As regards the Chinese protests on Saturday, the Chinese national government has phoned in with its own protest.

China calls on public to express patriotism rationally
Kyodo News

BEIJING, Oct. 17 - The Chinese government called on the public to express patriotism rationally and in line with the law Sunday in the wake of sometimes violent protests against Japan the previous day over a territorial dispute.

"We maintain that patriotism should be expressed rationally and in line with law. We don't agree with irrational actions that violate laws and regulations," Chinese Foreign Ministry spokesman Ma Zhaoxu said in a statement issued in the early hours of Sunday and carried by China's state-run Xinhua News Agency...
You have to admit, when a government supposedly as tyrannical and ruthless as China's is reduced to imploring members of the public to act rationally and obey the laws of the land, you are entirely in your right mind to be concerned about the power of said government to maintain control over anti-Japanese thought and action.

What is it that the proverb says is so difficult about riding the tiger? By trying to outdo its netizen patriots in ramping up the territorial hysteria last month, the Chinese government may be finding out.

2 comments:

Janne Morén said...

Well, as other posters have pointed out, street protests are an everyday event in China. I would want to see data showing that these protests against Japan are significantly above the general noise level before I (or you, or Okumura) credit it with any significance whatsoever.

Or to put it another way: the right-wing and loony religious fringe in Japan (a fair number of whom seem to be Koreans for whatever reason) are always up in arms over something or other, and it only matters if they manage to make a splash over and above the general speaker-van induced noise. Similarly, any Chinese protest only matters if it somehow manages to rise above the rioting happening every day in every corner of the country.

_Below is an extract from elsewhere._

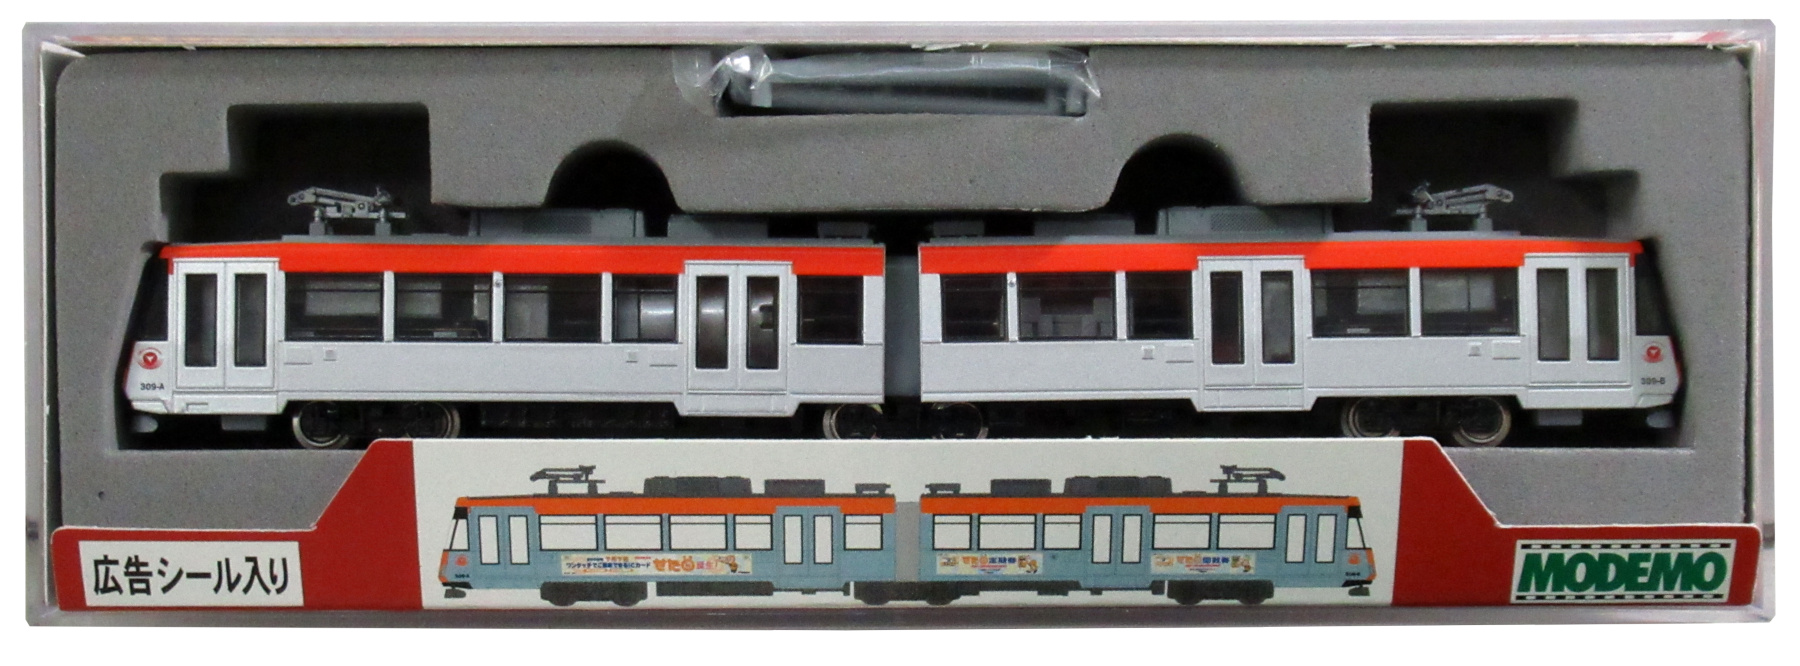 公式]鉄道模型(NT22東急300系 309F オレンジ “せたまる”)商品詳細

A decent test of either is to look for foreign-news reports since they need to ruthlessly winnow out only the significant news - if, say, European press is silent regarding some Asian protest or another, then it most likely doesn't mean a thing.

Anonymous said...

Note that all these violent anti-Japanese demonstrations all took place in secondary Chinese cities where there are no Japanese consulates present.

The Japanese diplomatic missions in major cities like Beijing and Shanghai were all relatively tight in security and no sign of any protest could be seen.

Some dissidents have speculated this is actually a calculated move by the Communist Party to let the public vent their steam while at the same time diverting attention away from the embarrassment caused by their most high profile political prisoner Liu Xiaobo winning the Nobel Peace Prize. The timing is just too uncanny.